DATA EXTRACTS:
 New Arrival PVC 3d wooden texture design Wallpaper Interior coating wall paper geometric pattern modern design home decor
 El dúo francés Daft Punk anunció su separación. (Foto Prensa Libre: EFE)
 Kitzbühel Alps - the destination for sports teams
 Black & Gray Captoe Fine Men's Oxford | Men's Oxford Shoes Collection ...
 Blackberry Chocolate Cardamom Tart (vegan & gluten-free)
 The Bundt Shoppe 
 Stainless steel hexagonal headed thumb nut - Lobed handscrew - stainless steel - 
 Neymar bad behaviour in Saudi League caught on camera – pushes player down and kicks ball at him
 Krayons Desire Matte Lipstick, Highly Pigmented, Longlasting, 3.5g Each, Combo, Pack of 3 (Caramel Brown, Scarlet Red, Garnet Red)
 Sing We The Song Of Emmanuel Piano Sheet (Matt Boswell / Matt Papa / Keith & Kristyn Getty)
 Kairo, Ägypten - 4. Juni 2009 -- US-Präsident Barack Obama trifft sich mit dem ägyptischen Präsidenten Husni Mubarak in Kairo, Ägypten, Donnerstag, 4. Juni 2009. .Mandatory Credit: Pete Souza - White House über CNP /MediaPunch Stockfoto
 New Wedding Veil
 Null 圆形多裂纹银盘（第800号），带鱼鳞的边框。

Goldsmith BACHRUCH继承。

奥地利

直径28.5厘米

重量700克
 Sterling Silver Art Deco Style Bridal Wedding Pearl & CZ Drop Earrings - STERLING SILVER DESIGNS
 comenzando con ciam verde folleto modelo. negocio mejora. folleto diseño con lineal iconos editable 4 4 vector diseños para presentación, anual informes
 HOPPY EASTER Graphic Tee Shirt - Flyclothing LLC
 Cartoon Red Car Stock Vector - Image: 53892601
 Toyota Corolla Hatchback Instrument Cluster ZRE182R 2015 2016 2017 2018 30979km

TASK GOAL: Find the line containing "HOPPY EASTER Graphic" in the material above. Print it and every line after it through the end, exactly and only those.

OUTPUT OF THE EXERCISE:
 HOPPY EASTER Graphic Tee Shirt - Flyclothing LLC
 Cartoon Red Car Stock Vector - Image: 53892601
 Toyota Corolla Hatchback Instrument Cluster ZRE182R 2015 2016 2017 2018 30979km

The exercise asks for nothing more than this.